A car went up the street and turned at the corner, leaving a taint of exhaust heavy on the air. Two kids on bicycles chased each other up the opposite sidewalk. The leaves of the trees curled in on themselves. And then they were on the street itself, Peck Wilson's street-an abrupt right at the corner and there was the house where the U-Haul had been parked, and there, across the street and half a dozen houses down, partially obscured by the shrubs and trees and the line of cars parked along the curb, was the house they'd come to visit. She felt Bridger tense at her side, both of them straining to see as they strolled hand in hand up the walk, each step bringing them closer. Bridger stripped off his sunglasses-Peck Wilson's sunglasses-as if to see better. They were directly across from the house now, trying to act casual, but there was nothing to see as far as she could tell.

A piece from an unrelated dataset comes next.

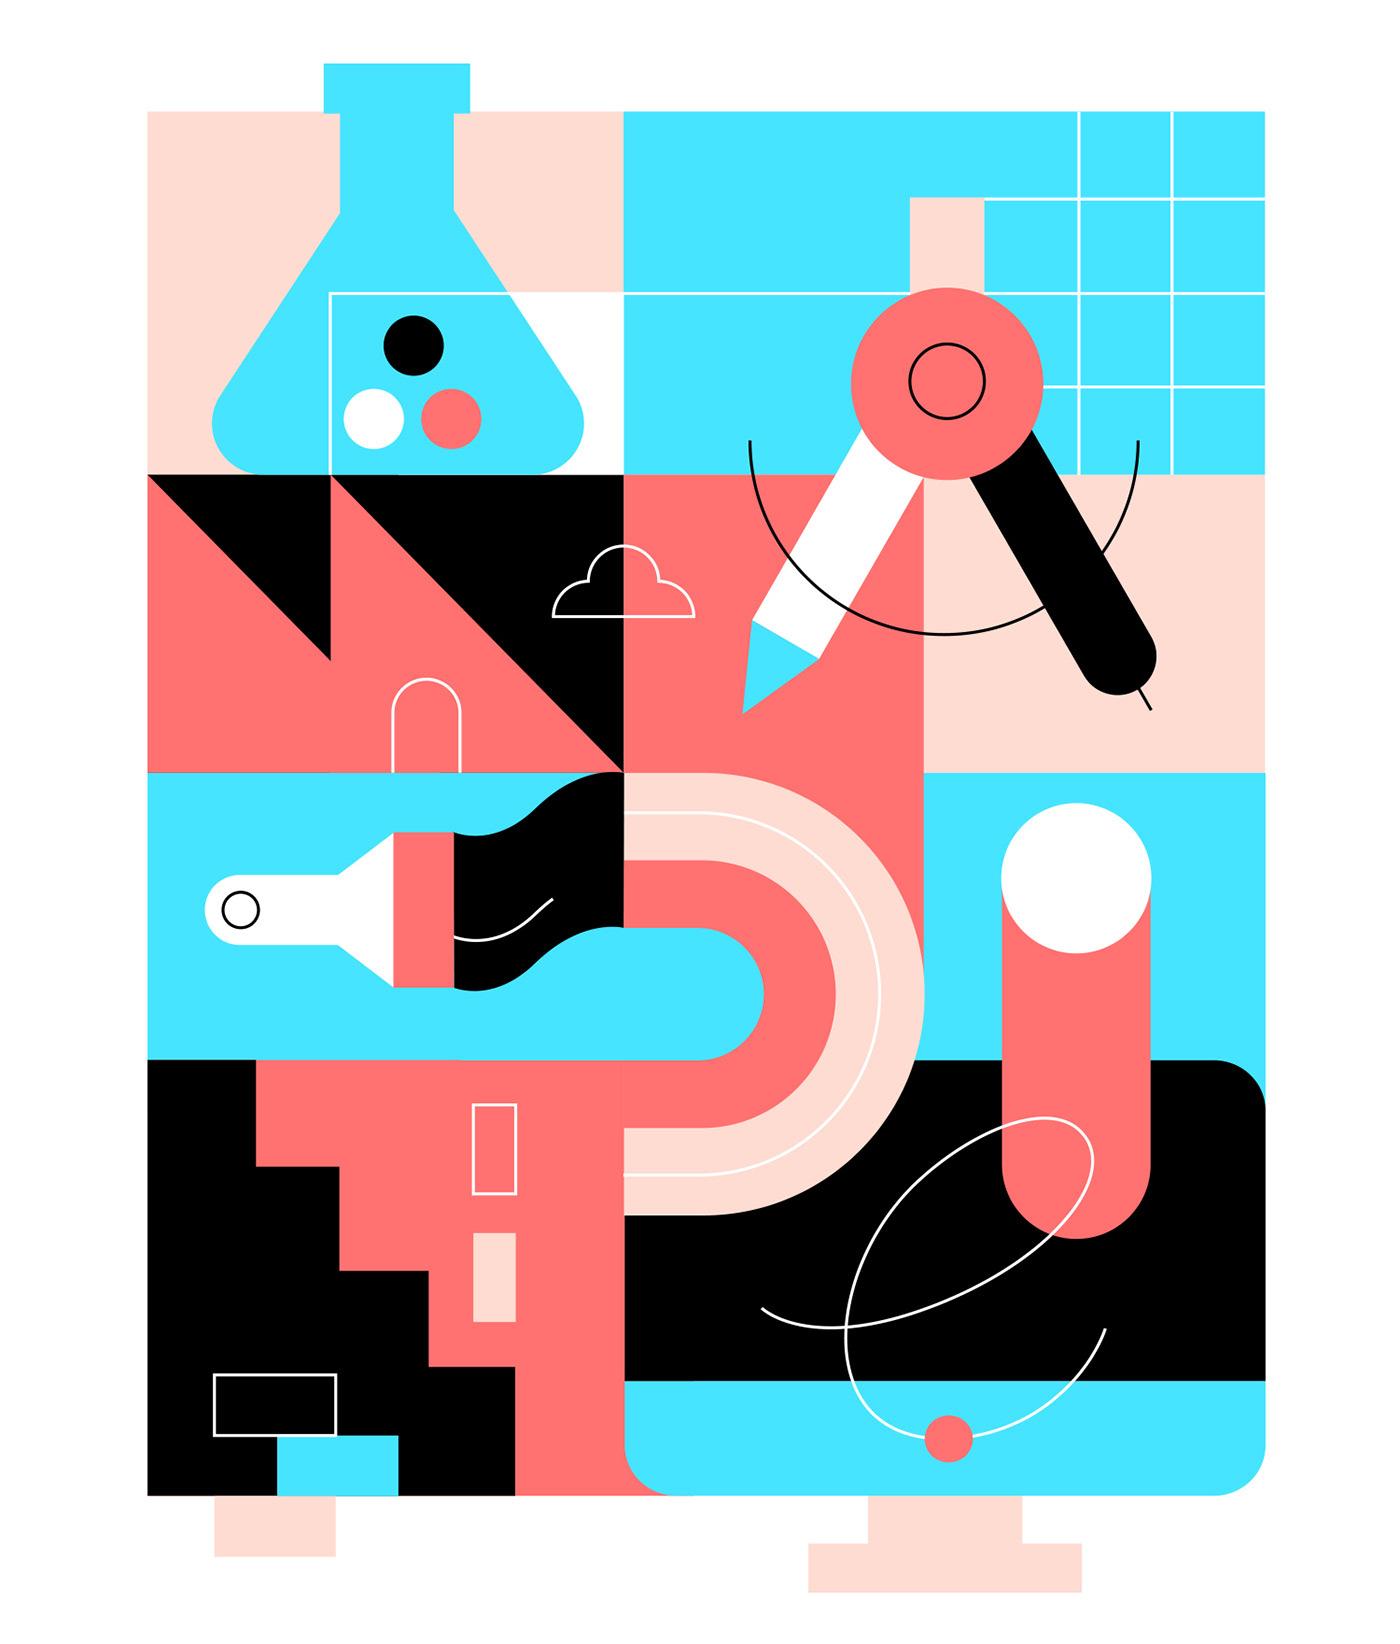 amadine app BeLight test typography

“What do you think?” Bridger said.

They were still walking, moving past the house and heading for the end of the block, the sun lying in stripes across the sidewalk ahead of them, somebody's sprinkler going, a dog showing its teeth from behind a rusted iron fence. “I don't know,” she said, feeling all the air go out of her, “it looks closed up to me.”

He had his shoulders thrown back, his head cocked in a way she recognized: he was agitated, keyed up, almost twitching with all that testosterone charging through him. She remembered a lecture she'd attended in college-an animal behaviorist, a woman who'd worked with the chimps of Gombe and the bonobos in the Congo, showed a film of the males working themselves up in threat display, and all the students, all of her deaf compatriots, had burst into laughter. They didn't need to go to Africa to study body language-they saw it every minute of every day.

“Yeah, but all these houses look closed up,” he said, bringing his face so near she could smell the residue of the bacon on his breath, “because everybody's just hunkered down in front of the TV with the air conditioner going full blast. We need to”-but she missed the rest of it because they were crossing the street at the corner now, nice and square, nice and rectilinear, up on the far sidewalk and swing left, the cars idling at the light with their windows rolled up and their own air conditioners delivering the goods. The heat rose up off the pavement and hit her in the face as if she were walking through a wall and letting it crumble round her.

And then everything suddenly speeded up, fast forward to the end, the sun, the trees, the sidewalks and cars all dissolving in a blur that crystallized in the rear bumper of a wine-red Mercedes shooting past them, the right turn blinker on and a little girl's limp doll pressed to the window in back.